Jeffrey Engelman, MD, PhD, of the MGH Cancer Center,
co-corresponding author of the PNAS Plus report, notes that a
clinical trial now underway combining chemotherapy with bevacizumab
in breast cancer addsanti-HER2 treatment for those participants
whose tumors are HER2-amplified. The results of the current
MGH study suggest that investigating a triple combination may be
particularly beneficial. "With targeted therapies like
anti-HER2 drugs suppressing the growth of tumors outside the
central nervous system, brain metastasis is becoming a more common
cause of treatment failure."
Co-corresponding author Dai Fukumura, MD, PhD, of the Steele Lab
adds, "A clinical trial of this sort of triple combination will be
an important next step. And in the meantime, we will continue
to investigate the mechanisms of resistance to the effects of both
double and triple combinations." Fukumura is an associate
professor of Radiation Oncology and Engelman an associate professor
of Medicine at Harvard Medical School.
Co-lead authors of the PNAS Plus article are David Kodack, PhD,
Euiheon Chung and Hiroshi Yamashita of the Steele Lab.
Additional co-author are Joao Incio, MD, Annique Duyverman, Yuhui
Huang, PhD, Eleanor Ager, PhD, Walid Kamoun, Shom Goel, MBBS,
Matija Snuderl, MD, Alisha Lussiez, Lotte Hiddingh and Sidra
Mahmood, Steele Lab; Youngchul Song and April Eichler, MD,
MGH Cancer Center; Christian Farrar, PhD, MGH Martinos Center for
Biomedical Imaging, and Bakhos Tannous, PhD, MGH Neurology.

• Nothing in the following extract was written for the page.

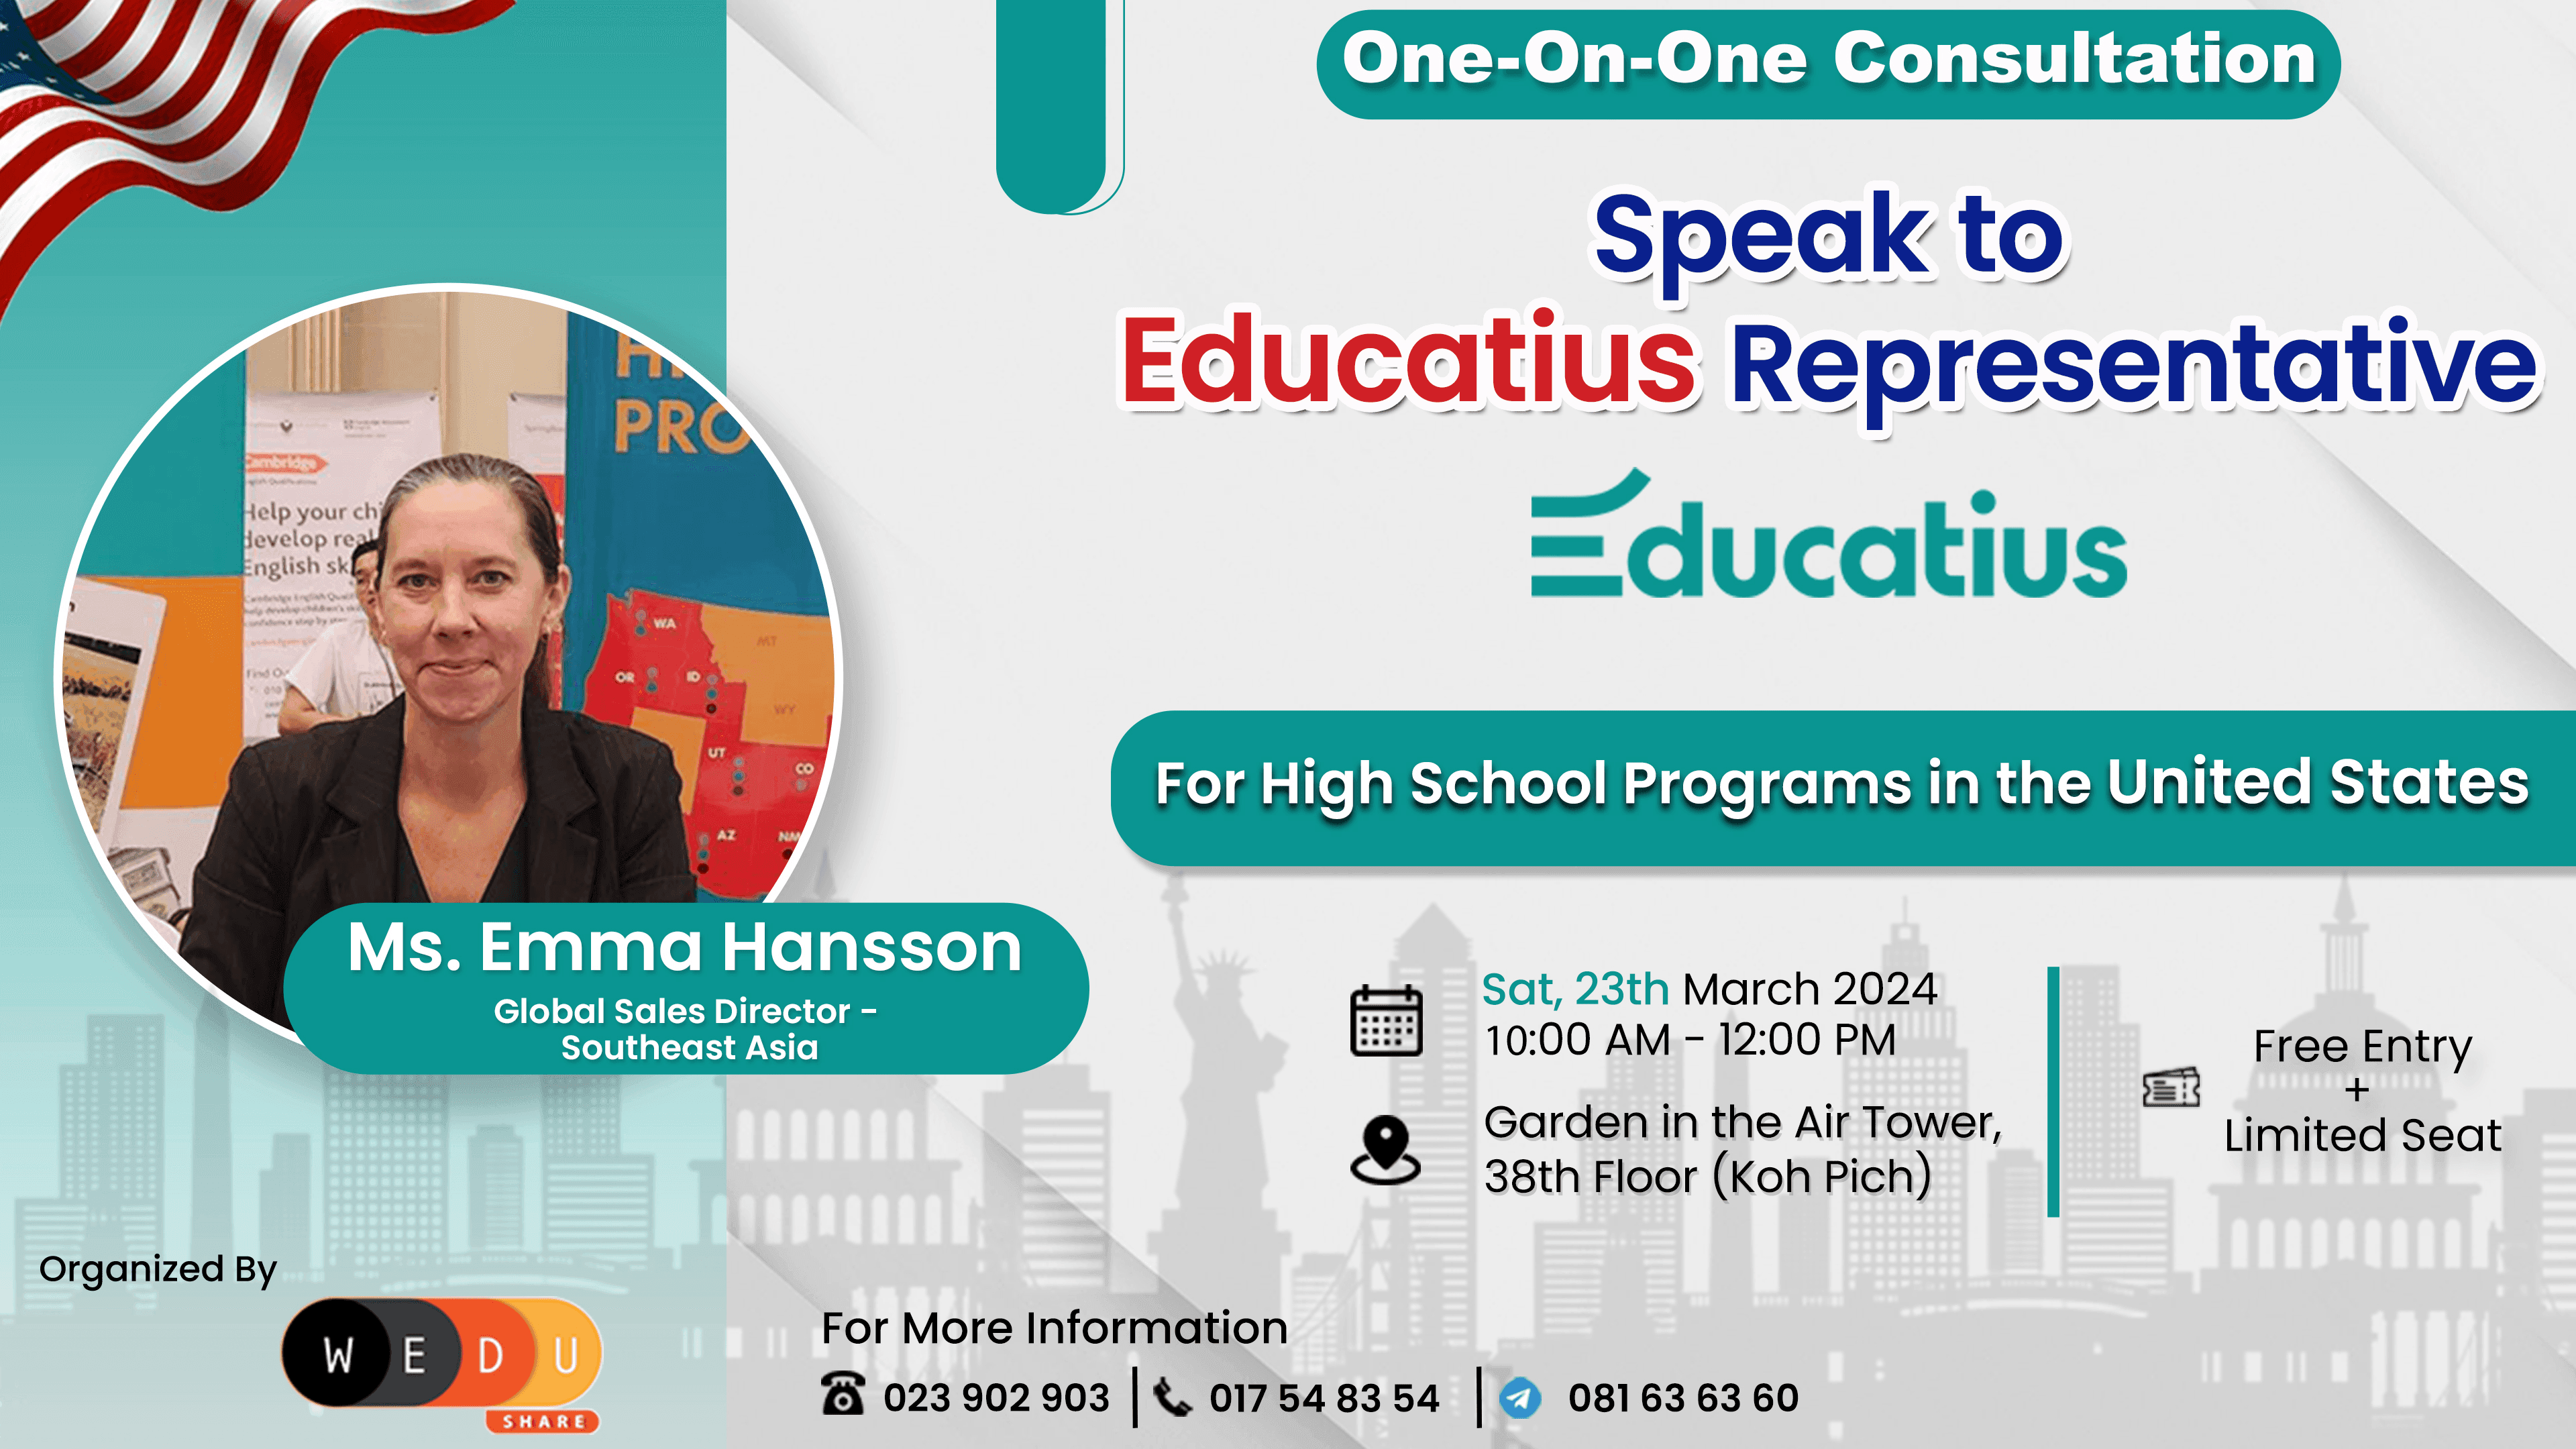 [One-On-One Consultation] Educatius Representative for High School Programs in the United States

Support for the study includes grants from the National Cancer
Institute and a Breast Cancer Research Innovator Award from the
Department of Defense
Massachusetts General Hospital, founded in 1811, is the original
and largest teaching hospital of Harvard Medical School. The MGH
conducts the largest hospital-based research program in the United
States, with an annual research budget of more than $750 million
and major research centers in AIDS, cardiovascular research,
cancer, computational and integrative biology, cutaneous biology,
human genetics, medical imaging, neurodegenerative disorders,
regenerative medicine, reproductive biology, systems biology,
transplantation biology and photomedicine. In July 2012, MGH moved
into the number one spot on the 2012-13 U.S. News & World
Report list of "America's Best Hospitals."